In this case the testator declared that he deemed the note he held against his daughter, Mary, as an advancement, and directed that it be valued and appraised at its full amount, as assets of his estate in the hands of his executors, and to be paid and accounted for by her at the first distribution of- the residue of his estate, out of her share therein. In unmistakable phrase, he turned the debt into a gift to be valued at the date of the note. The word advancement occurs nowhere else in the will, nor is there anything to show it was not used in,its legal sense. The advancement is directed to be valued and appraised at its full amount, as assets for distribution, and to be deducted from her share. Of what date shall it be valued ? Giving every word its proper meaning, at'the date of the gift. Its full amount is the face of the note without interest. To l< be valued and appraised ” has no significance as showing inclusion or exclusion of interest; for even if the note were a debt, mere appraisement means its amount either with or without interest, according to the contract. A debt on interest by contract or overdue, converted into an advancement and directed to be appraised as part of the assets, is taken without interest unless otherwise expressed. No case has been found to the contrary.

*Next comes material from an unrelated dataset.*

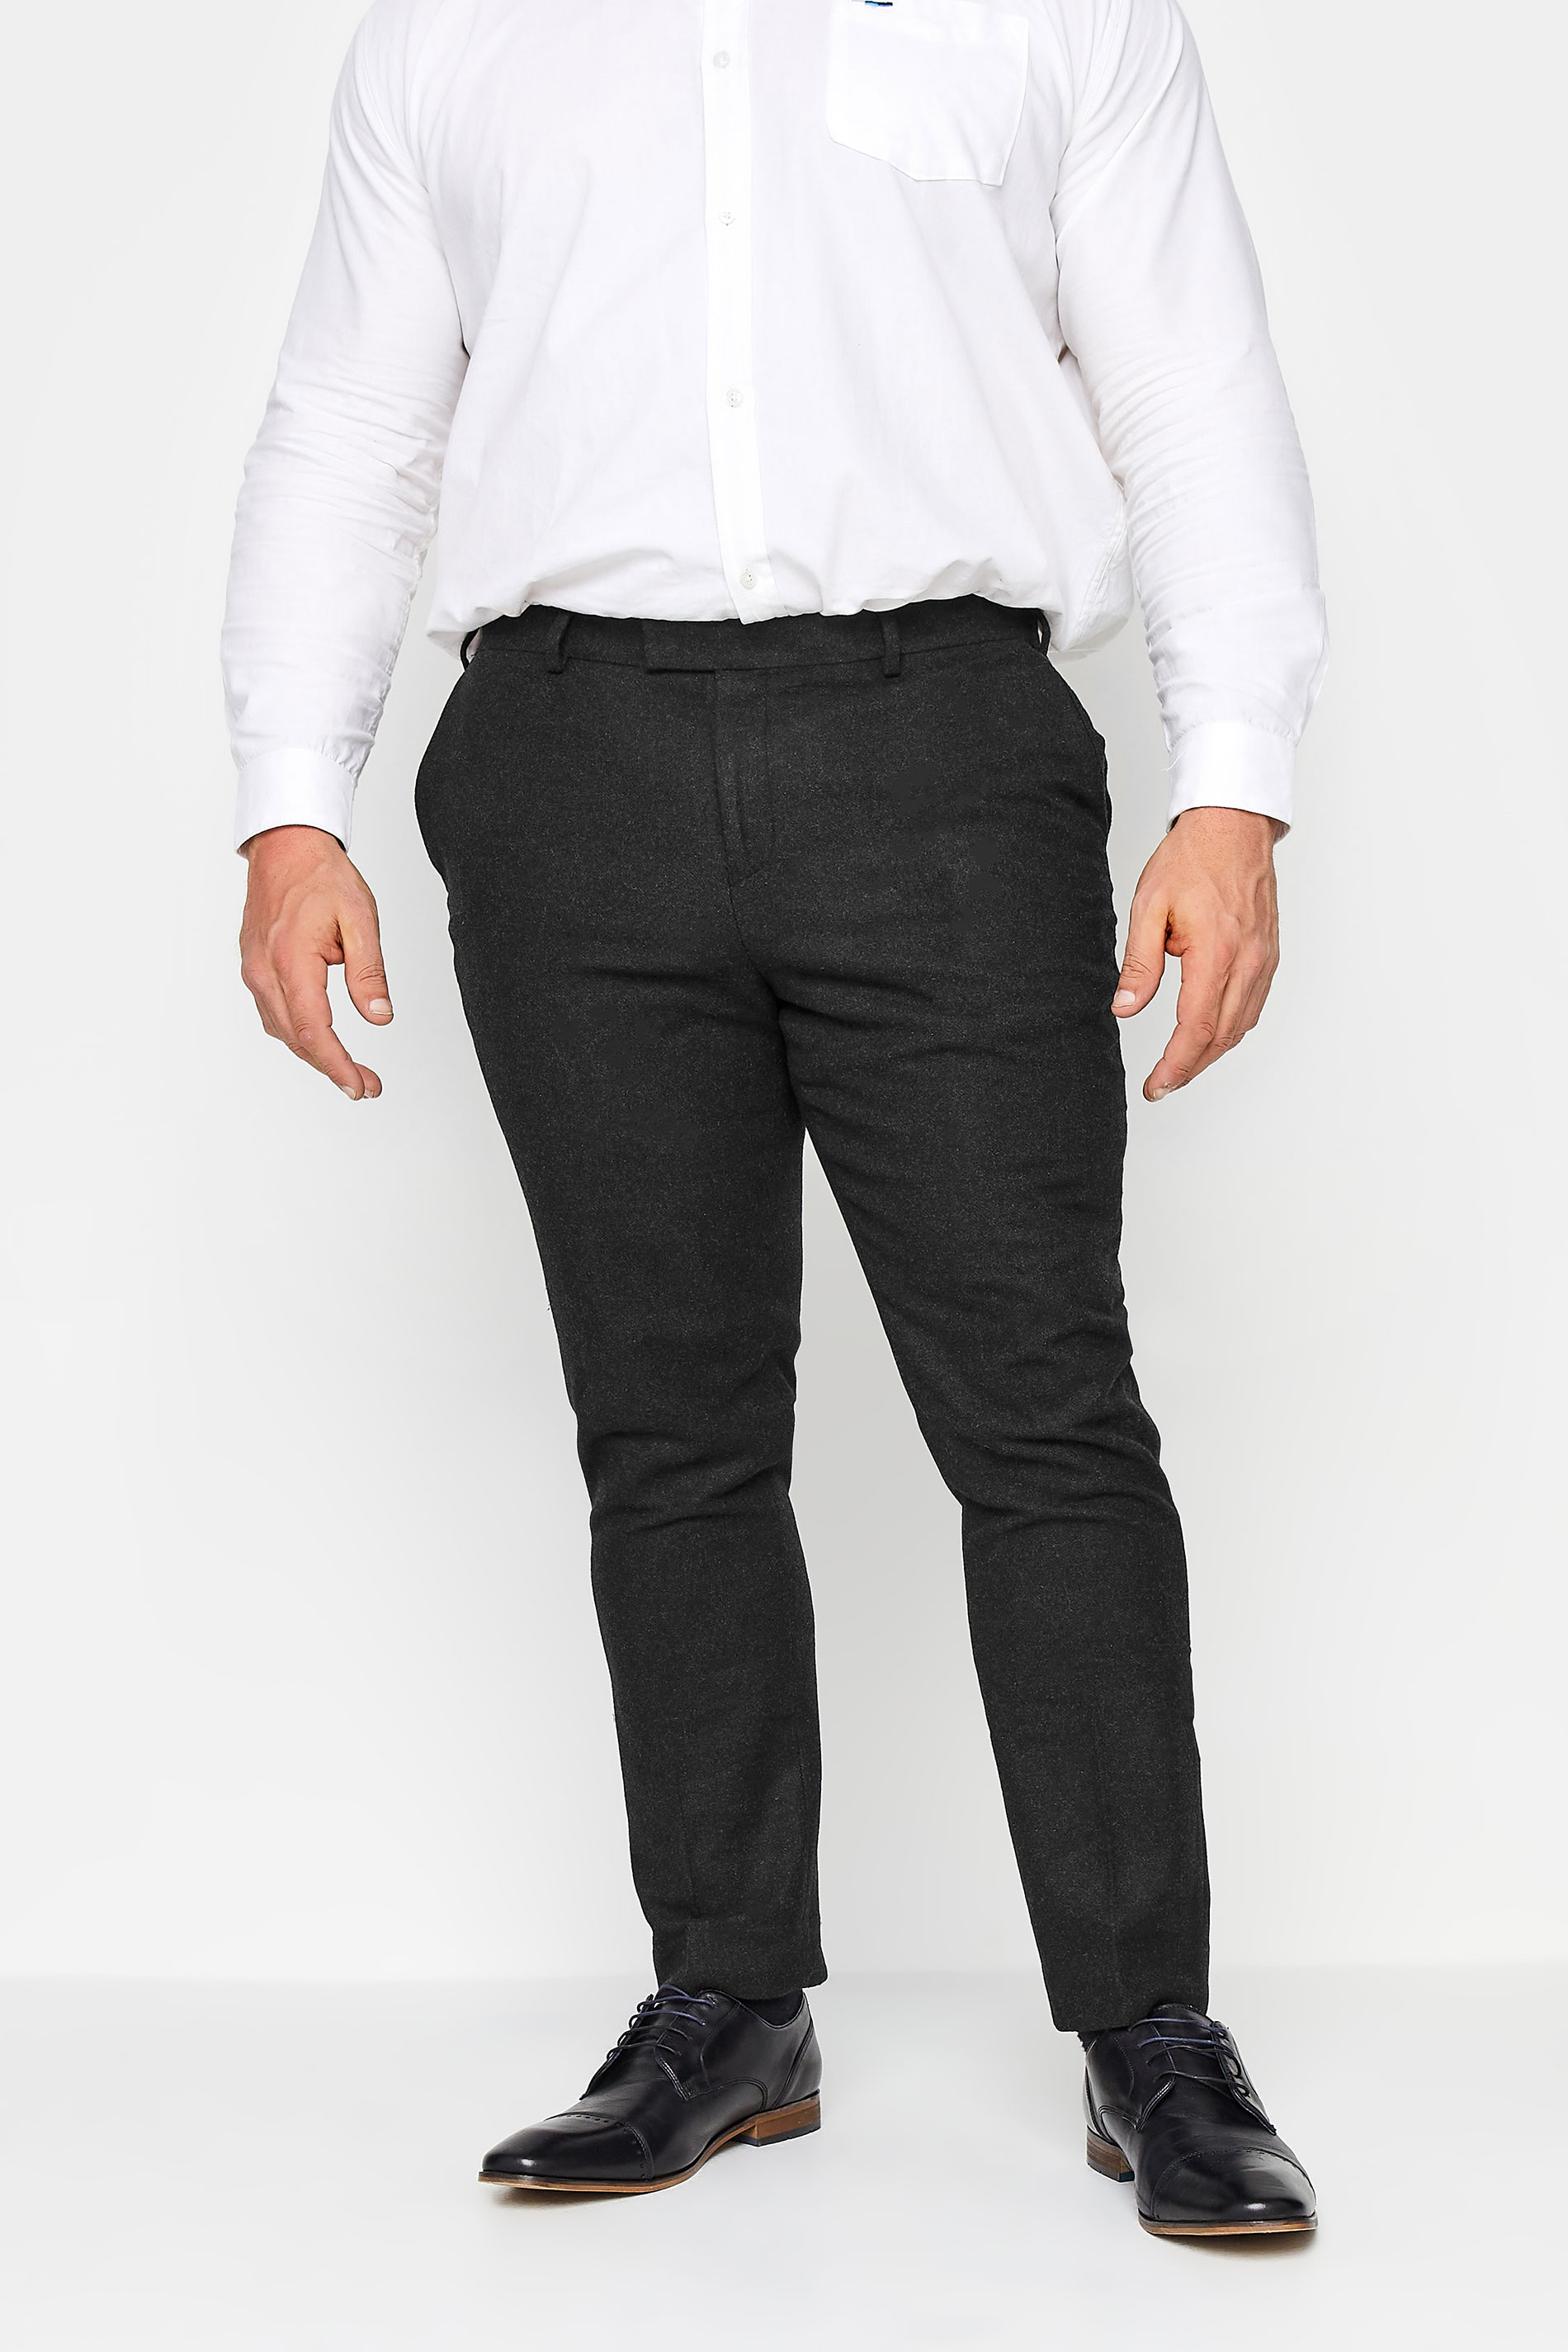 BadRhino Big & Tall Grey Tweed Suit Trousers | BadRhino 2
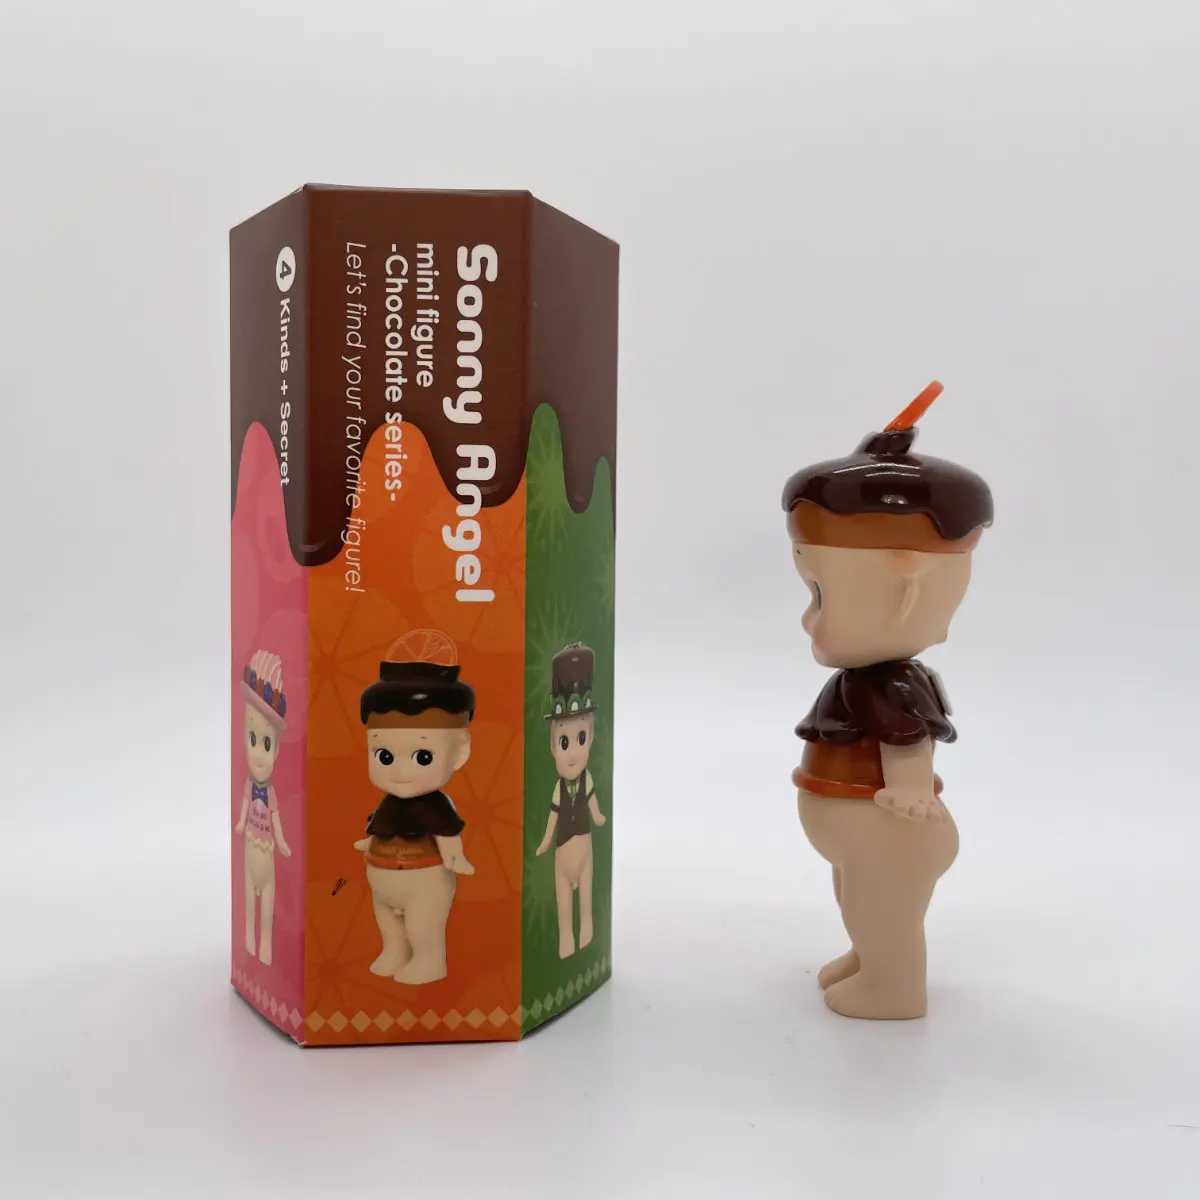 Blind Box Mini Figure Chocolate Series 2016 Blind Box Toy for Girl Mystery Box Kiwi Berry Strawberry Orange Chocolate T240506

We are of opinion that the testator’s intention expressed in his will is not doubtful; but if it be, no rule of interpretation requires or permits the well-settled meaning of an apt word to be set aside by a direction, which admits of a construction consistent with that meaning. It was error to charge Mrs. Porter any interest on the principal sum of $4000, which was made an advancement to her.

Decree reversed, and it is ordered that the record be remitted to the Orphans’ Court for further proceeding. Costs of this a-ppeal to be paid by the executors out of the moneys of the estate.